Im not new to cycling im just new to not purchasing cleats at my LBS. My local LBS closed and i need new cleats. 
A little background story will help clarify my confusion.

First setup:
Shimano PD-R540 SPD-SL Shimano PD-R540 SPD-SL Road Pedals - Bike Pedals / Cleats
3 hole cleats, not sure of type (thats the problem)
Worked fine

Second setup:
Look pp296, w/float adjust Look PP-296 Pedals Reviews
Same 3 hole cleats
Works fine

Gave the Wife the Shimano pedals


I need new cleats for the Look pp296 and she needs cleats for the Shimano PD-R540 SPD-SL

I believe i need Look Delta cleats for the Look pedals? Why do the same pedals from my old Shimano PD-R540 SPD-SL fit the Look pp296's, i thought they were two different systems? Also, since my pedals have float adjust i can get 0 float Look Delta cleats and adjust the float to desired setting on the pedals?

Are some Shimano pedals compatible with Look Delta cleats, or visa versa? Is that why my same cleats worked with both the Look and Shimano pedals? Or do i just think they work but they are really just "kinda" compatible?



So long story short:
What type of cleats do i need for each pedal?


----------



## mpre53 (Oct 25, 2011)

All Shimano SPD-SL pedals, from 540 to Dura Ace, use the same cleats. Yellow tabs for 6 degrees of float, pink tabs for 0 float. I started with float, and now use 0 float.

I've never used any other pedal system---can't help you with Look. I like the relative walkability of SPD-SL, and I'm from the if it ain't broke don't fix it school.


----------



## PJ352 (Dec 5, 2007)

I'm not understanding all of your post, but suffice to say the older (and by that I mean early '90's) Shimano road pedals were LOOK compatible, but no more. 
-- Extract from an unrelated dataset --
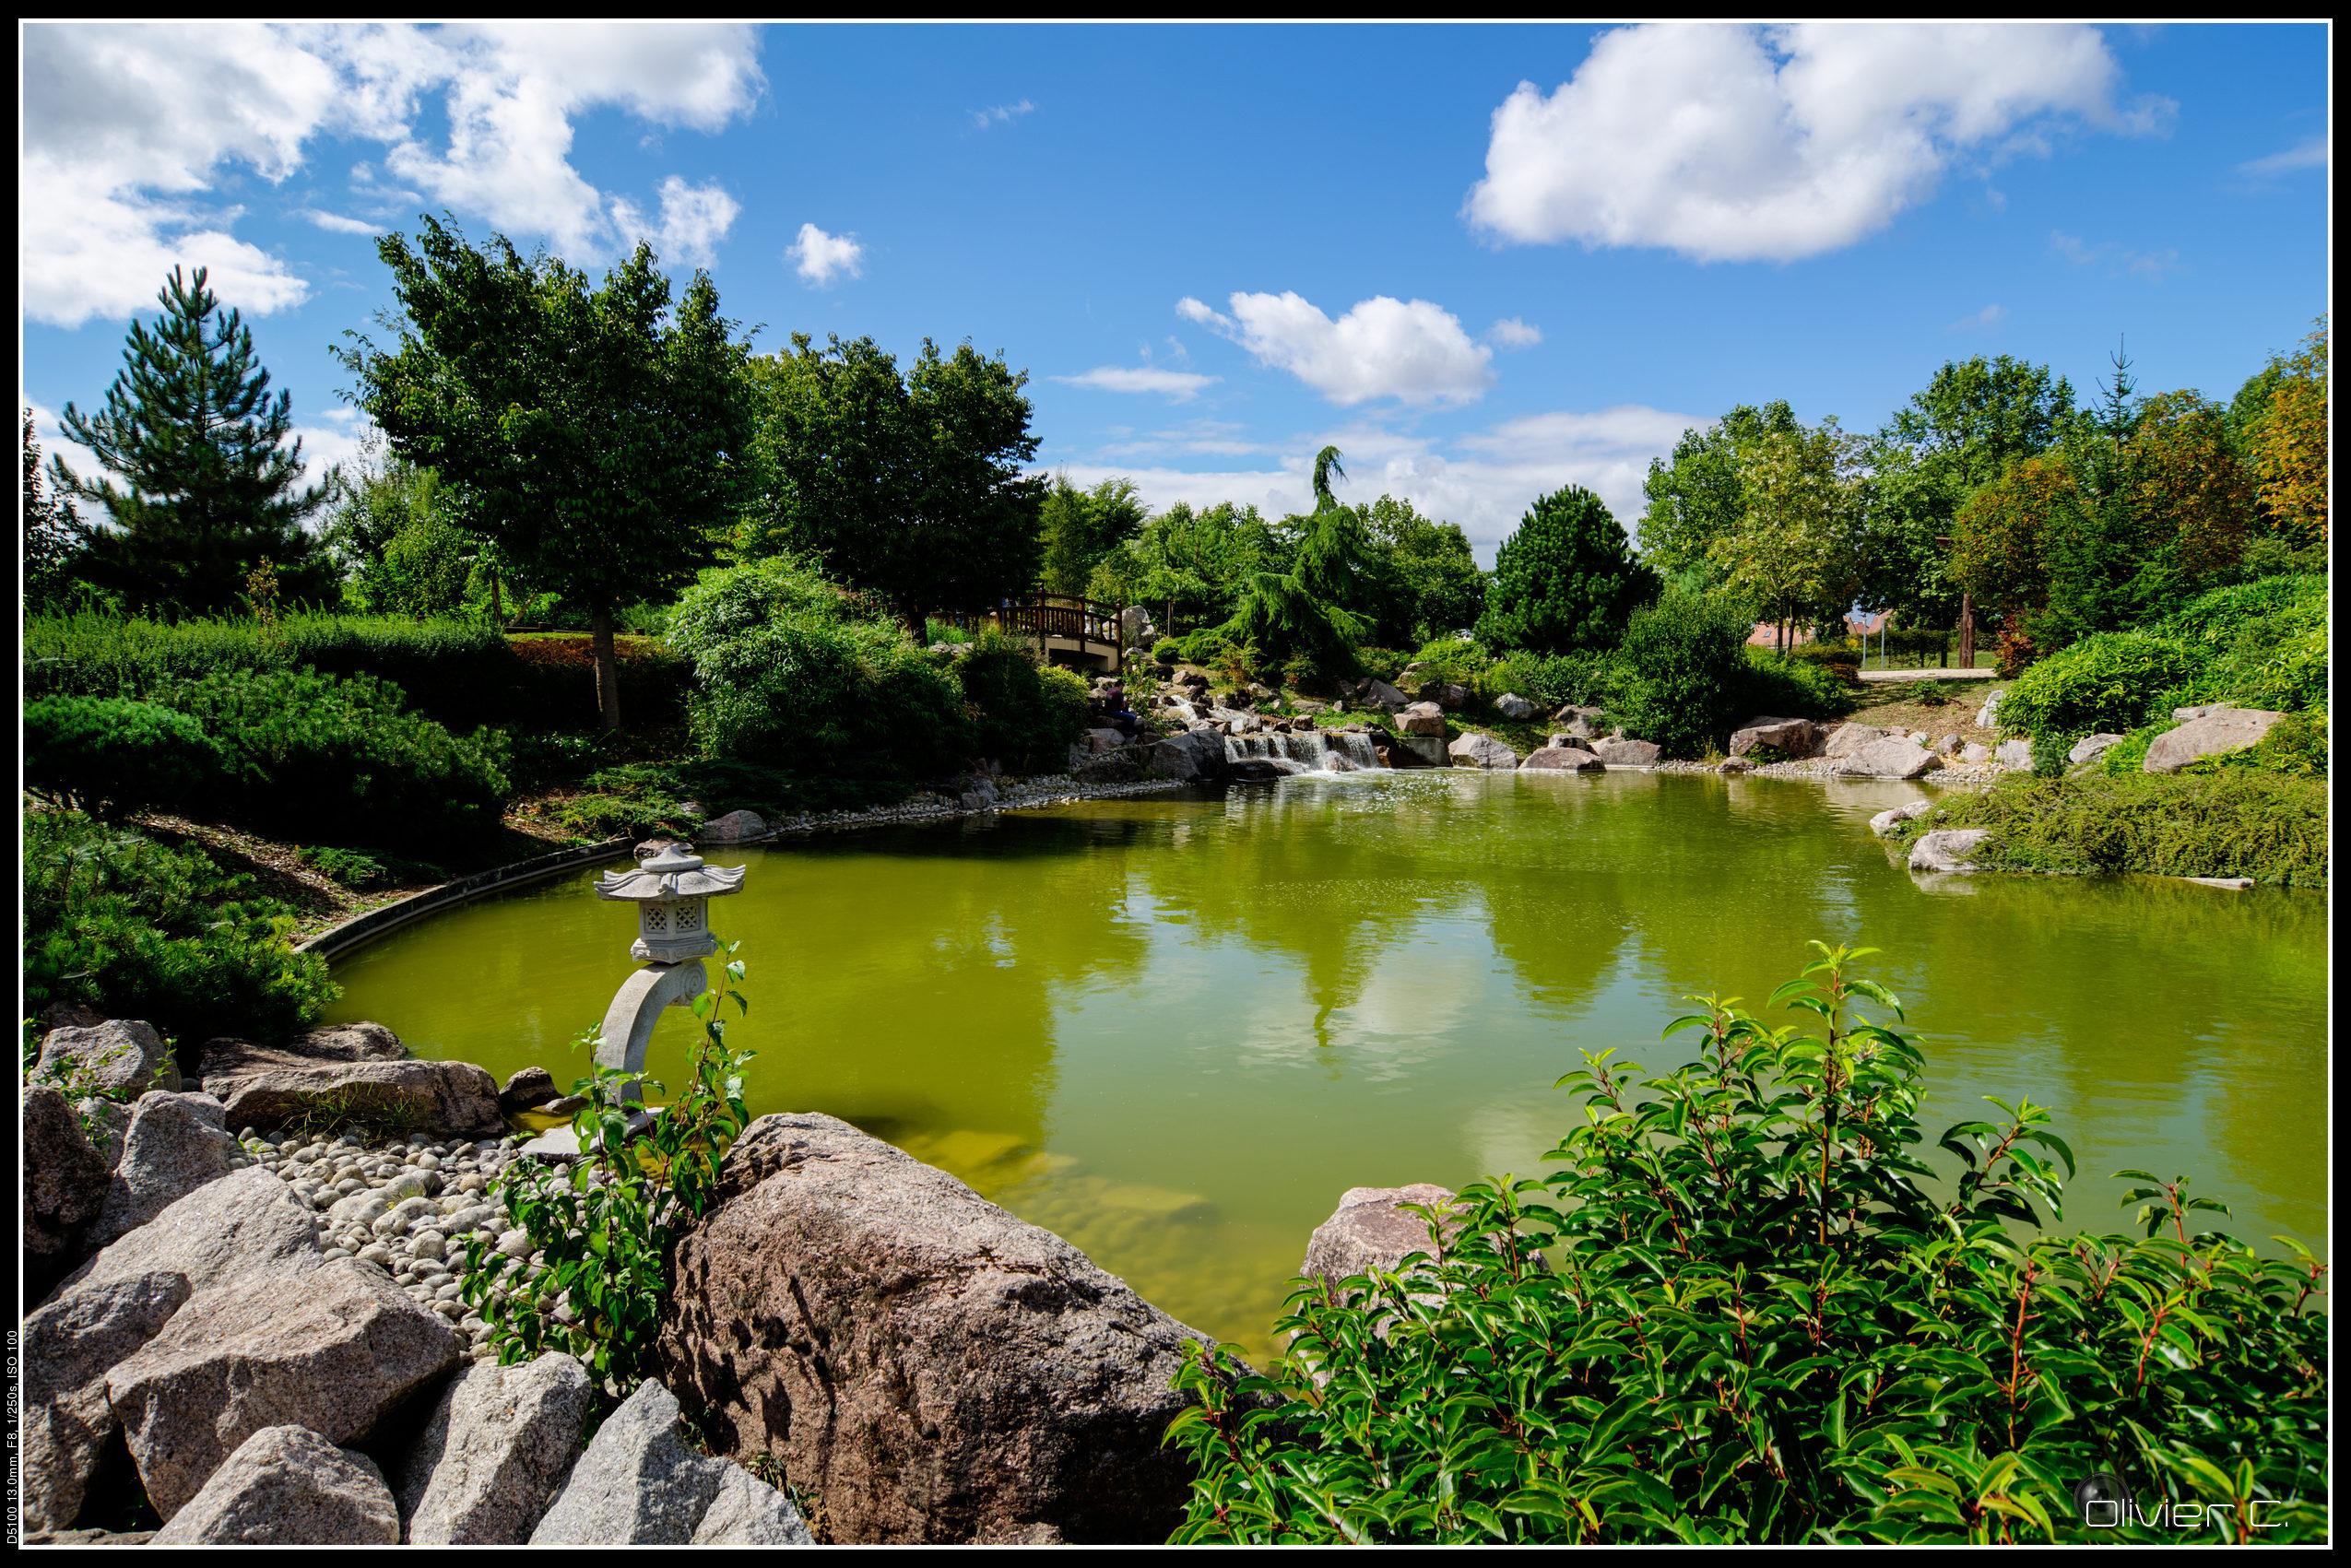 Le jardin japonais de dijon oliver photo blog for Jardin japonais dijon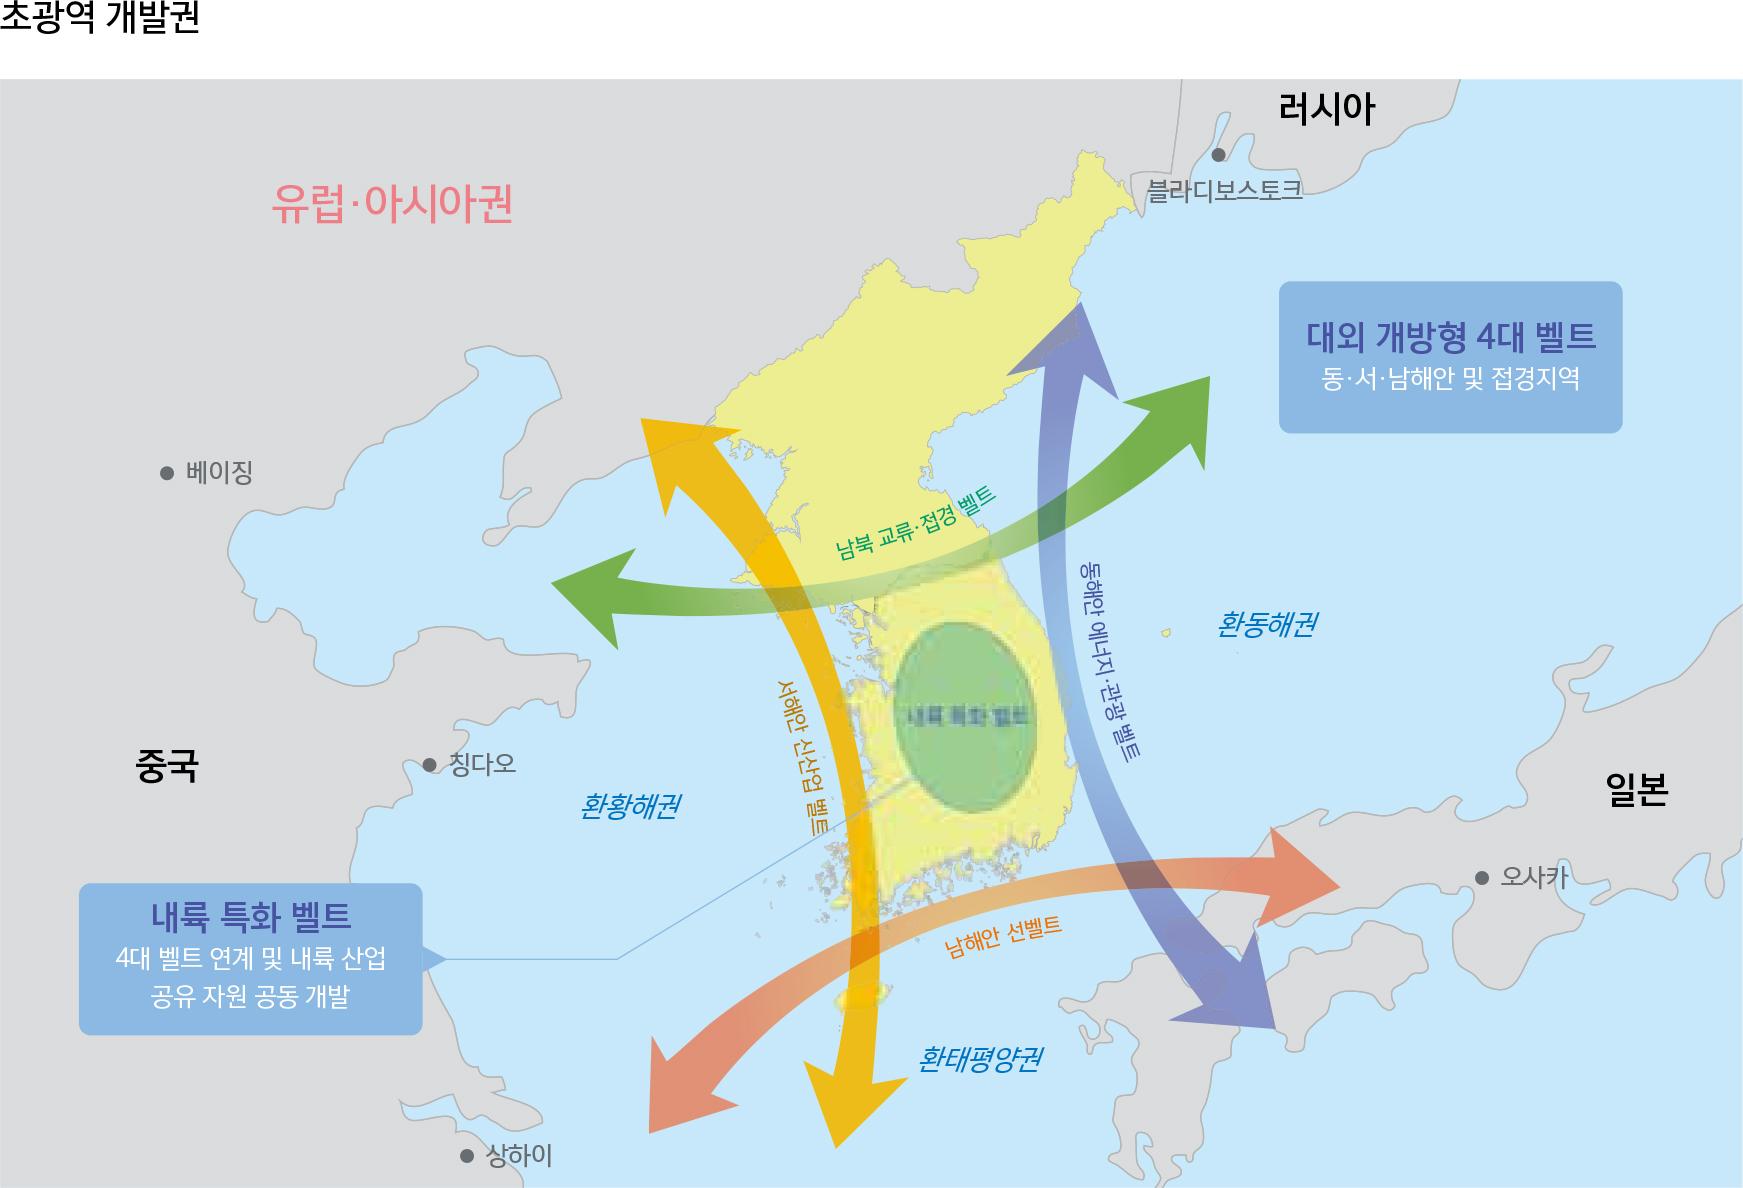 초광역 개발권

Your wife's Shimano's need Shimano SPD-SL cleats (yellow have 6 degree float, black are fixed)
Shimano SPD-SL Cleat Set: Amazon.com: Sports & Outdoors

You need LOOK Delta's. Go to the link below and under description you'll find some useful specs. Because your pedals have adjustable free ARC float, I believe you can only use the reds w/ adjustable float at the pedal. 
Look Delta Road Cleats at REI.com


----------



## jbond007m3 (Jan 26, 2012)

Thats exactly why i am confused. My SPD yellows fit in my Look pedals. Has anyone else noticed this?


----------



## JasonLopez (Aug 19, 2012)

jbond007m3 said:


> Thats exactly why i am confused. My SPD yellows fit in my Look pedals. Has anyone else noticed this?


Yes. In fact when I noticed this I ran them on my classic Look's on my MTB for months. I actually developed a knee problem because of how they are "loose" and move around but will stay clipped in and solid. Also don't use the same cleat on both pedal systems, the difference in wear causes your cleats to suddenly break out under serious power. Very dangerous.

It's funny I read this, I thought I was the only one who has ever done this. Had a good laugh.


----------